Attention Saturation and Gradient Suppression at Inflection Layers: Diagnosing and Mitigating Bottlenecks in Transformer Adaptation
Wang Zixian
TL;DR
This work addresses why pre-trained transformers often struggle to adapt to target domains, attributing it to gradient suppression caused by output saturation in lower layers, which biases adaptation toward high-level feature recombination. It introduces a diagnostic framework built on layer-wise observables—attention entropy, activation-gradient norm, parameter-gradient norm, and ΔCKA under a shared PCA basis—to identify inflection layers where gradient flow is most suppressed. A diagnose-first strategy combines automatic inflection-layer localization (via SKI) with selective LoRA injection in the identified band, enabling restoration of backward signals with minimal parameter overhead. Empirical evaluation on a BERT-base transfer task (SST-2 to Rotten Tomatoes) under UNDER/OVER regimes shows that selective LoRA at inflection layers yields the best accuracy (≈91.59%) with ~0.3M parameters, outperforming uniform LoRA and full or shallow unfreezing; results support a high-level composition vs low-level reconstruction dichotomy and demonstrate a practical, reproducible pipeline for efficient transfer across domains. The approach offers a general-purpose, diagnosis-driven pathway for targeted parameter-efficient fine-tuning and motivates extensions to other modalities and architectures.
Abstract
Pre-trained Transformers often exhibit over-confidence in source patterns and difficulty in forming new target-domain patterns during fine-tuning. We formalize the mechanism of output saturation leading to gradient suppression through standard cross-entropy and softmax analysis, showing that gradient suppression at inflection layers confines adaptation to high-level recombination of existing features while preventing low-level reconstruction.

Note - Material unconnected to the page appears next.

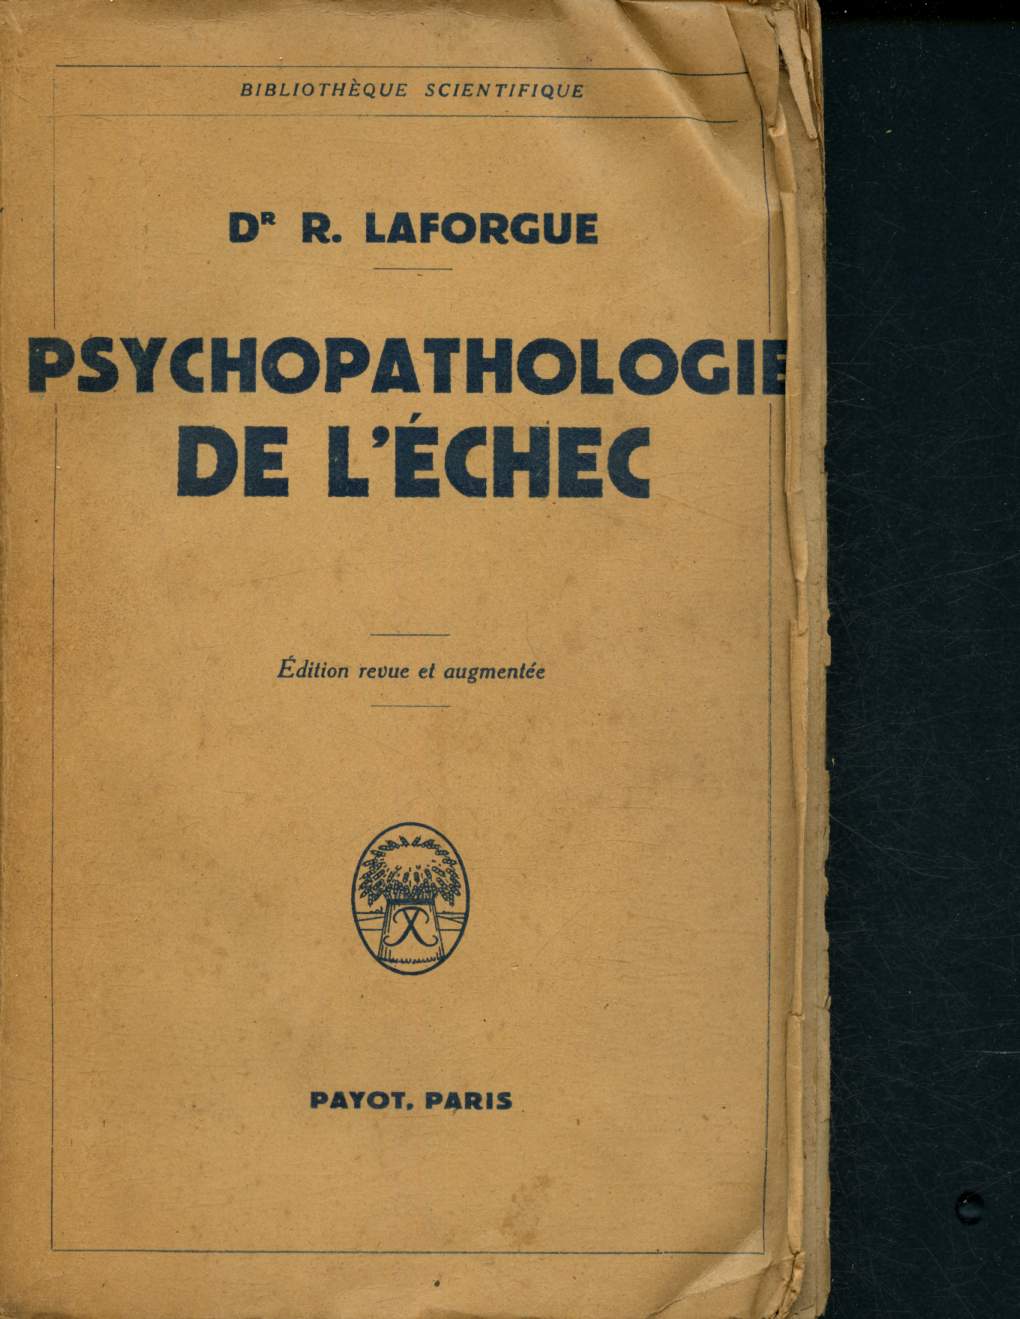 Psychopathologie de l'chec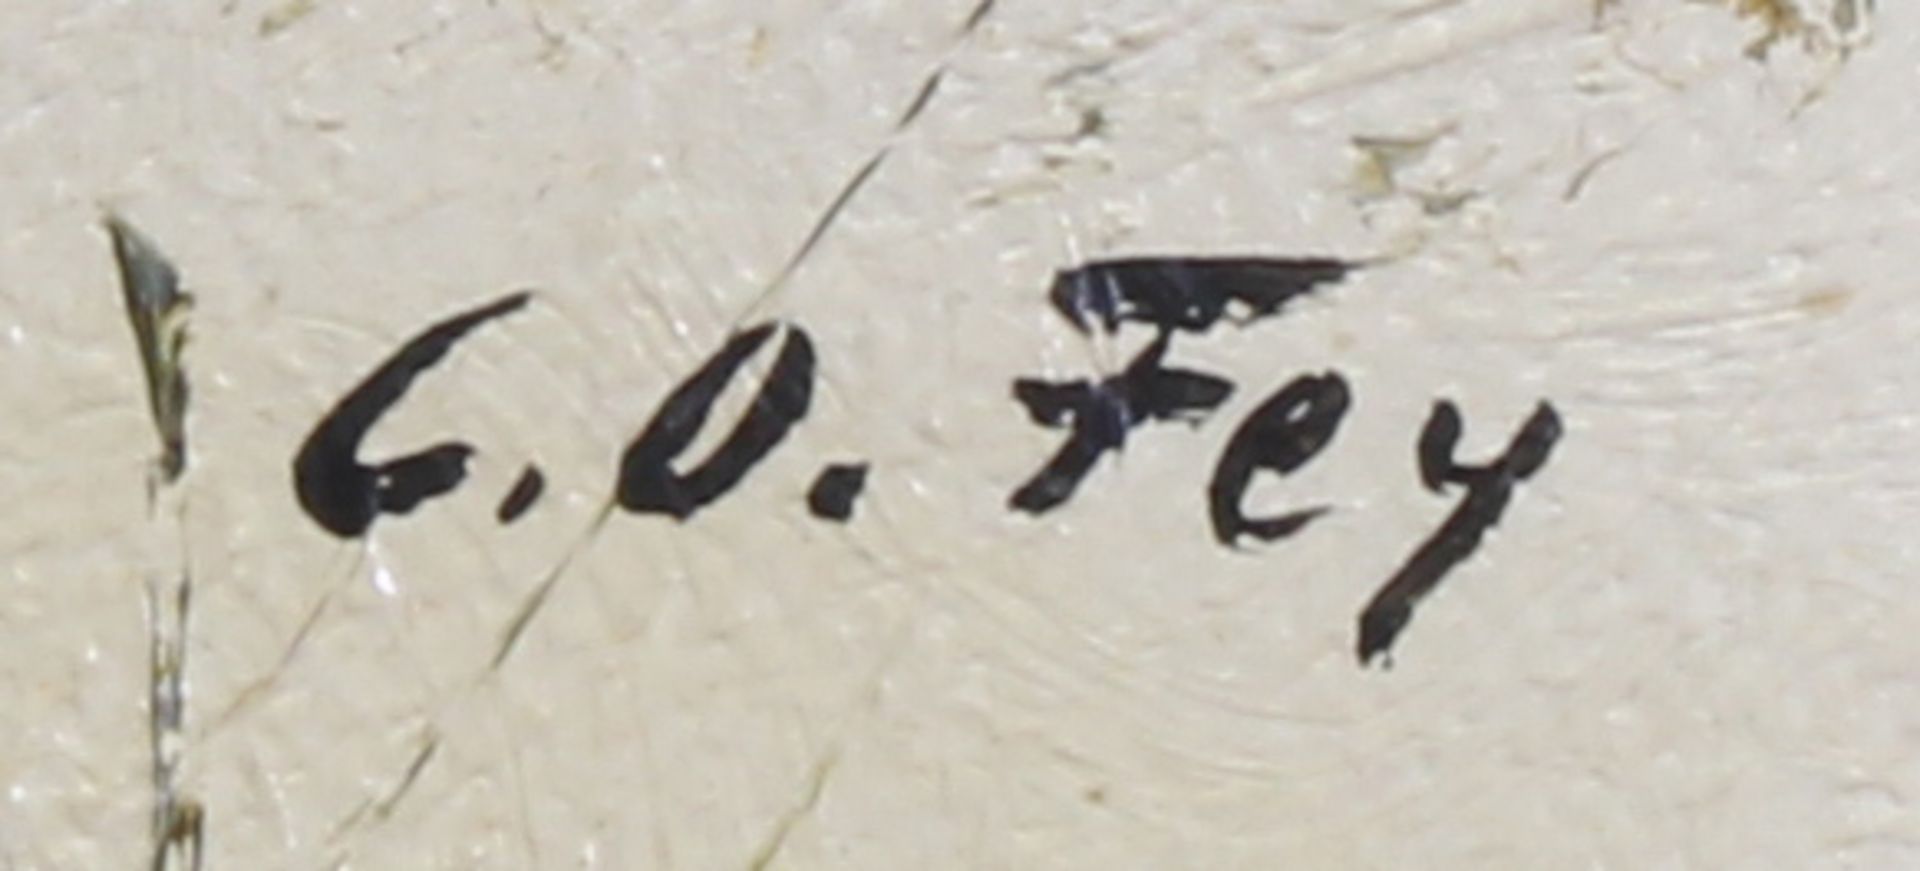 Fey, C.O. (19./20. Jh.), 2 Gemälde, Öl auf Karton, jeweils signiert unten rechts C.O. Fey, verso - Bild 2 aus 8

We introduce a set of layer-wise diagnostic metrics -- attention entropy (saturation proxy), activation gradient norm, parameter gradient norm, and Delta-CKA under a shared PCA basis -- to identify inflection layers characterized by both low attention entropy and steep gradient decay. Building on these findings, we propose a diagnose-first, inject-light fine-tuning strategy: selectively inserting LoRA adapters at inflection layers to restore suppressed backward signals with minimal parameter overhead. Experiments on BERT-base transfer from SST-2 to Rotten Tomatoes under under-trained and over-trained source regimes reveal that over-trained initialization benefits from inflection-layer LoRA injection, while under-trained initialization suffers performance degradation. When base features are strong, unblocking inflection layers facilitates high-level compositional adaptation; when base features are weak, full-pathway unblocking is required for low-level reconstruction, as supported by joint analysis of layer-wise activation gradients and Delta-CKA dynamics.